As with the merge function, the work is done in the case statement. Indeed the first case of the statement is exactly the same as for merge: if the head of the first list is smaller than the head of the second, construct a list formed of the first head and a recursive call to diff with the first tail and the second list in its entirety. The second says that if the heads match, drop both heads and call diff recursively on both tails. The final case says that if the second head is lower than the first, make a recursive call keeping the whole first list, but only using the tail of the second list.

Again, as a reminder, neither merge nor diff are general-purpose functions. They are building blocks for use in this primes generator only.

[edit] Core functionality

This is the heart of this prime number generator. It is deceptively short—4 lines of meaningful code—but contains a lot of heavily-interlocked snippets of sophisticated functionality.

<<primes_better>>=

merge_infinite

diff_infinite

primes, nonprimes :: [Integer]
primes    = [2, 3, 5] ++ (diff [7, 9 ..] nonprimes) 
nonprimes = foldr1 f $ map g $ tail primes
  where 
    f (x:xt) ys = x : (merge xt ys)
    g p         = [ n * p | n <- [p, p + 2 ..]]

[edit] Prime numbers

The first function to look at is actually quite simple: primes. Repeating that code below, it is simply:

primes    = [2, 3, 5] ++ (diff [7, 9 ..] nonprimes)

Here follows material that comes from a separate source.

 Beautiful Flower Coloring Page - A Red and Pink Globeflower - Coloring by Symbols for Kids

Reading this is simple: primes is a list consisting of the first three primes ([2,3,5]) with all odd numbers greater than that ([7,9..]), after the list of all non-prime numbers (nonprimes) is removed, appended to it.

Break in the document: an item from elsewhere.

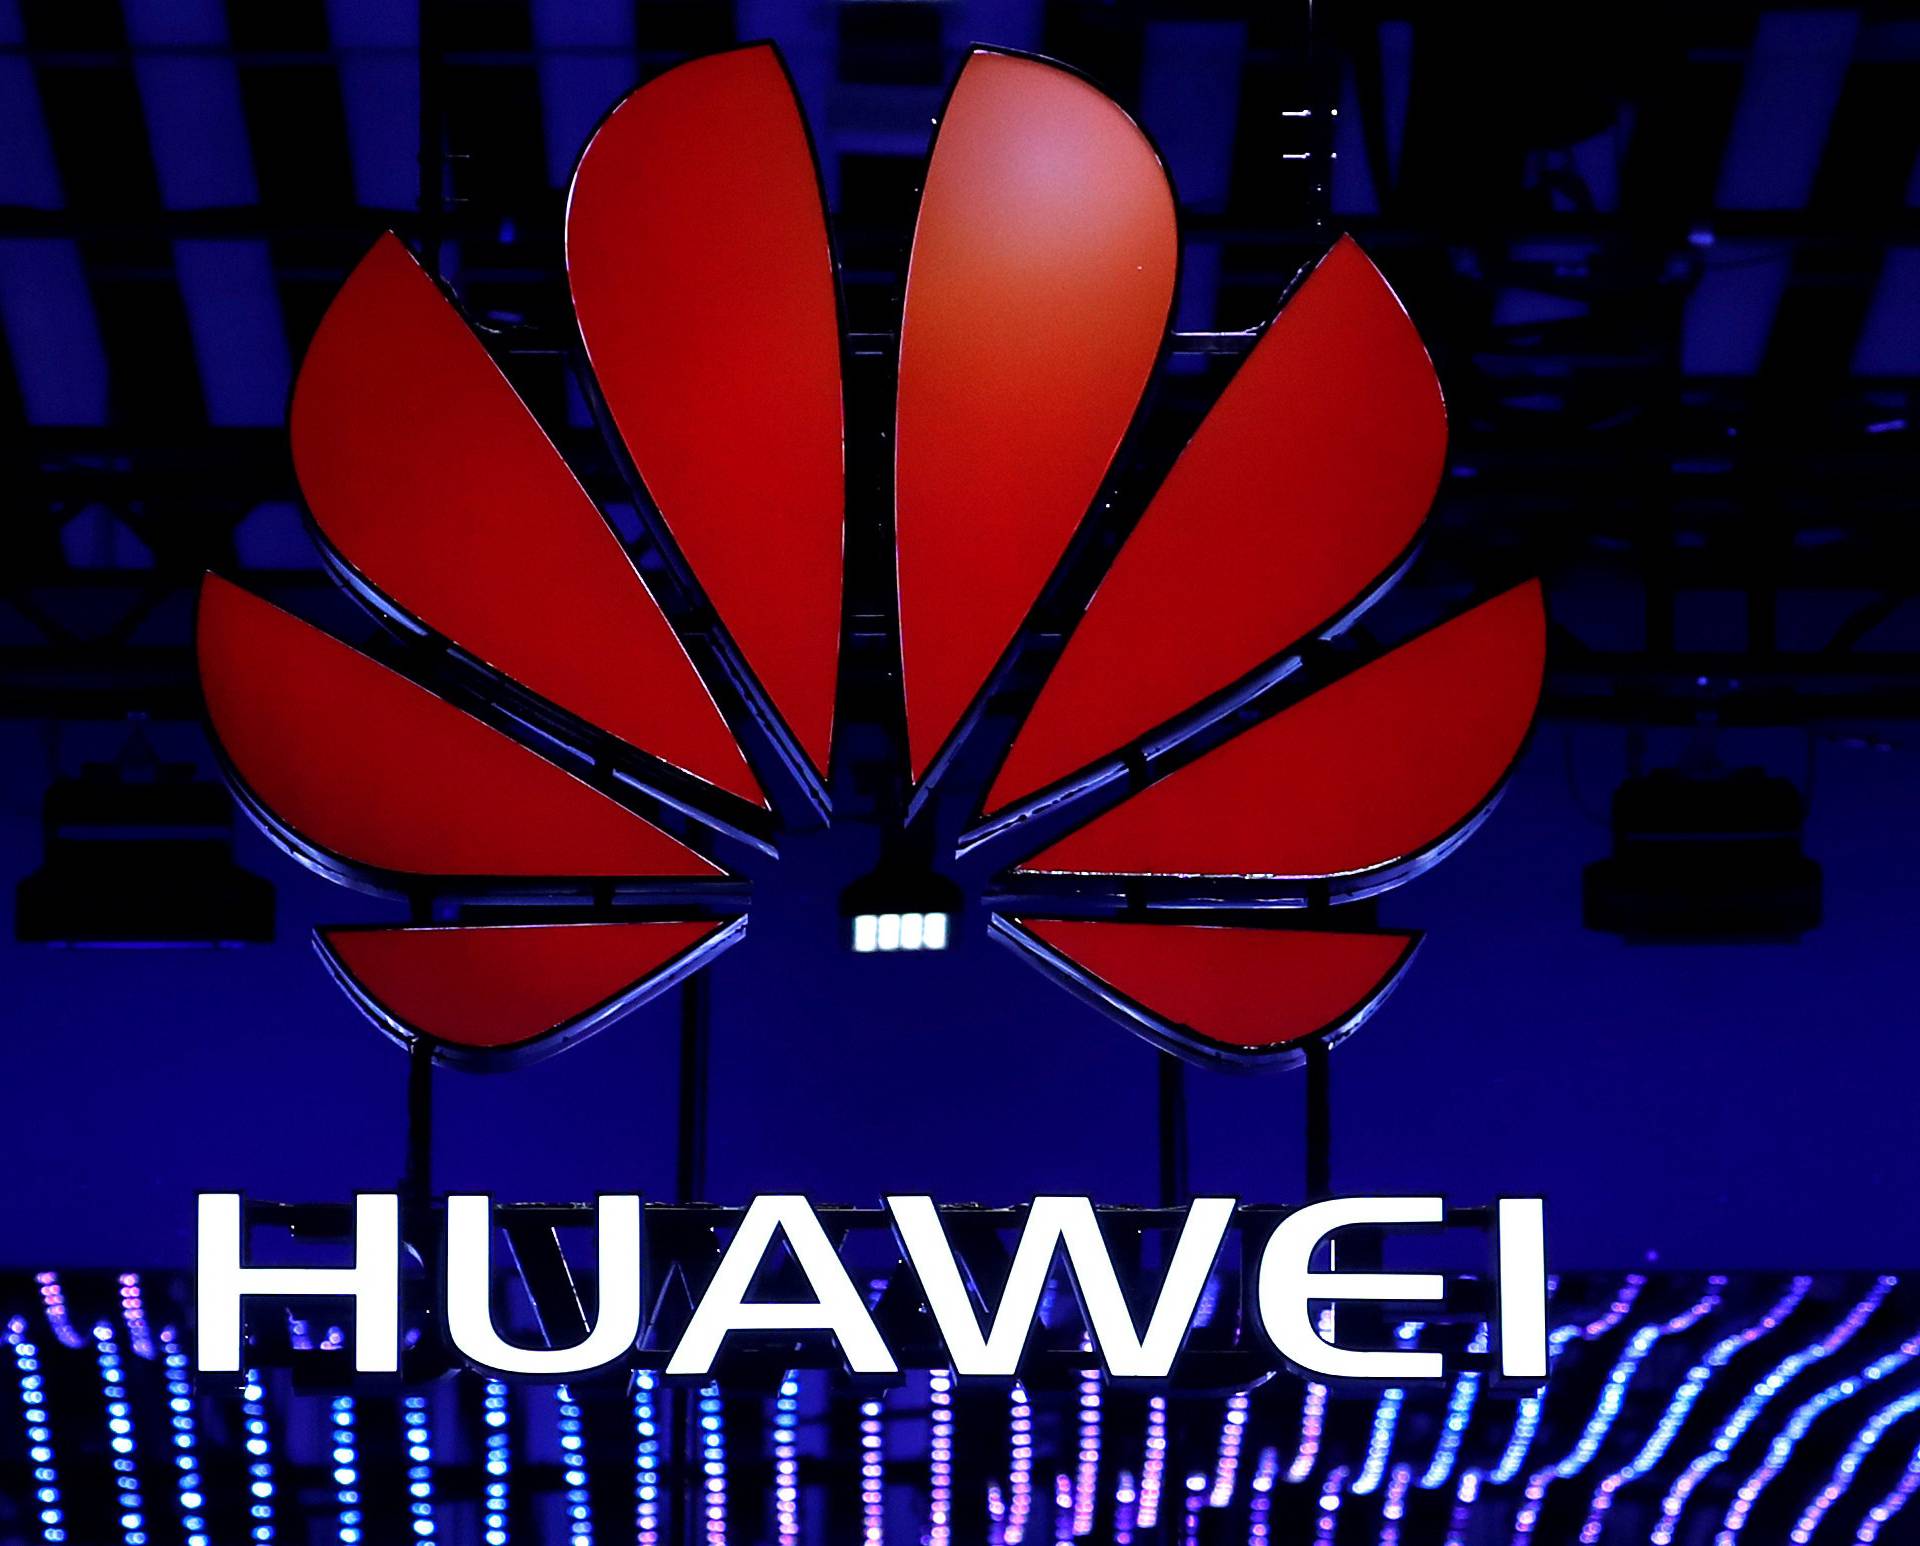 FILE PHOTO: The Huawei logo is seen during the Mobile World Congress in Barcelona

Intuitively this is a simple operation. It all hinges, however, on the ability to calculate a list of non-primes. That is where the hairy part of the code is.

[edit] Non-prime numbers

nonprimes = foldr1 f $ map g $ tail primes

For those unused to some of Haskell's rich functional operators, this line of code looks opaque. What it really translates to, however, is the following code where the function application operator is replaced by regular function application (plus the relevant parentheses to ensure proper order of operations):

nonprimes = foldr1 f (map g (tail primes))

(The reason the $ operator is used, typically, is to avoid complicated nestings of parentheses. Once you're used to it, the first version is much simpler to read than the second.)

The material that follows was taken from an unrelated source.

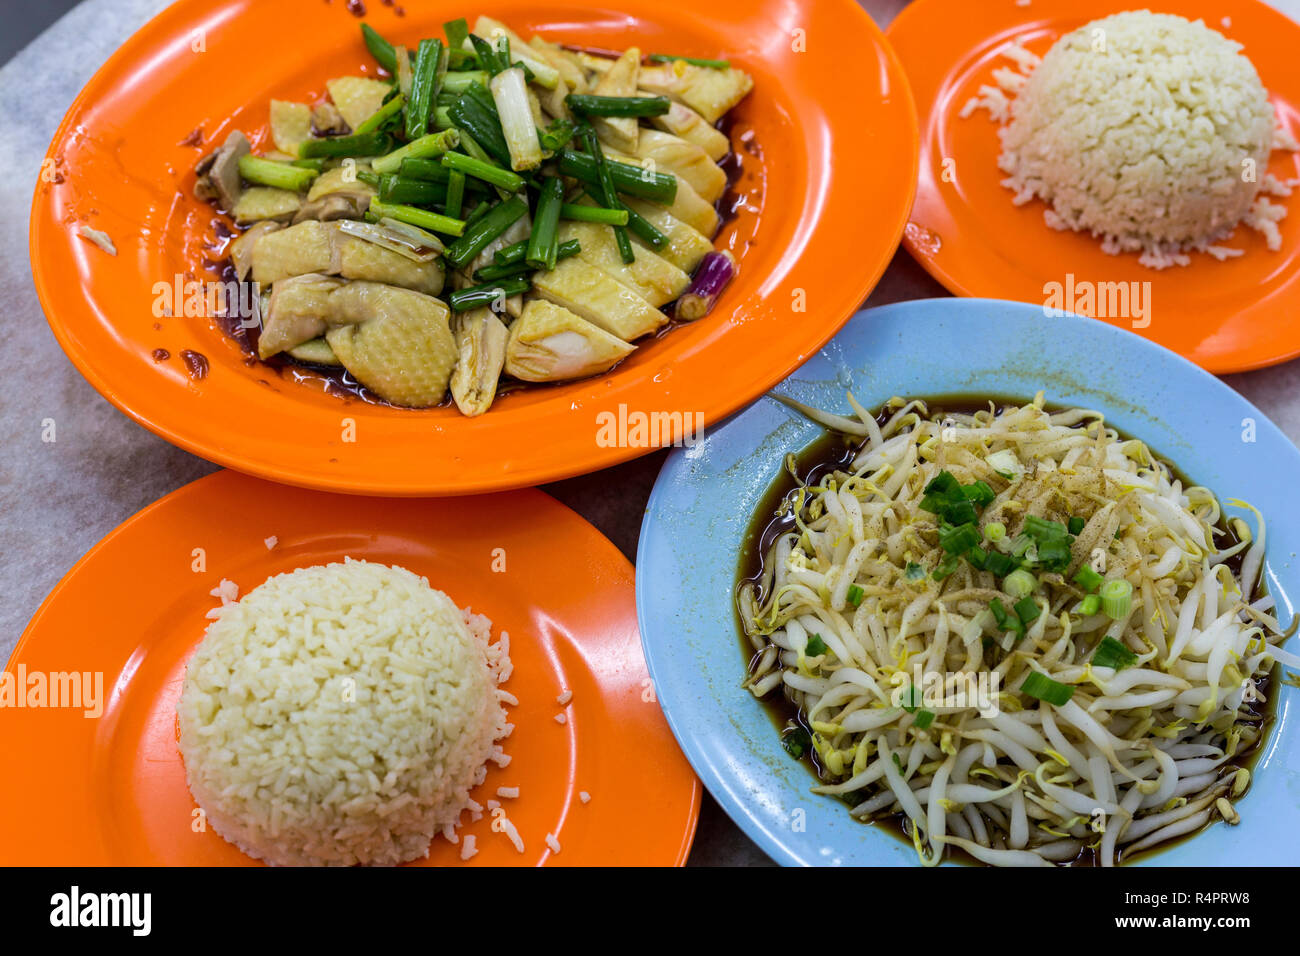 Malaysian Cuisine: Chicken, Rice, and Bean Sprouts, a Local Specialty.  Ipoh, Malaysia. Stock Photo

Being right-associative, the $ operator forces the last call – tail primes – to be evaluated first. This means that the function g will be applied to the list of prime numbers sans 2. (Note that the list of prime numbers is needed to calculate the list of prime numbers. With Haskell's lazy evaluation semantics this is all very sensible and possible.)

[edit] Multiples of primes

The next step in decoding this operation is to look at the local function g. It is some kind of transformation, obviously, which takes a list of primes and converts them to something else. The code for it is:

g p         = [ n * p | n <- [p, p + 2 ..]]

The naming of the parameter strongly implies that it is a prime. The fact that it's applied to a list of known primes confirms this. This transformation is difficult to read at first. It helps to see the type of it. The type of this transformation is:

g :: Integer -> [Integer]

So the code for nonprimes involves taking a list of primes and for each prime generating a list of non-primes from a list comprehension that multiplies the prime first by itself, then by the next odd number up, and so on. This is easier to comprehend if you work through some trial numbers.

First, the tail of primes is 3, 5, 7, 11, 13, 17, etc. The 2 is explicitly dropped. Thus the first number that gets g applied to it is 3, the second is 5, and so on. The three coming in is converted into an infinite list starting at 9 (3*3), followed by 15 (3*5), then 21, 27, etc. through the list comprehension. So an input list (partial) of primes of [3,5,7,11] will get converted instead into:

[
  [9,15..]     -- [3*3,3*5,3*7,3*9,...]
  [25,35..]    -- [5*5,5*7,5*9,5*12,...]
  [49,63..]    -- [7*7,7*9,7*11,7*13,...]
  [121,143..]  -- [11*11,11*13,11*15,11*17,...]
]

The beauty (and the mind-mangling part) of the scheme is that all of these infinite, circularly-defined lists are calculated only at need, saving both execution time and memory requirements for only those points where they are needed.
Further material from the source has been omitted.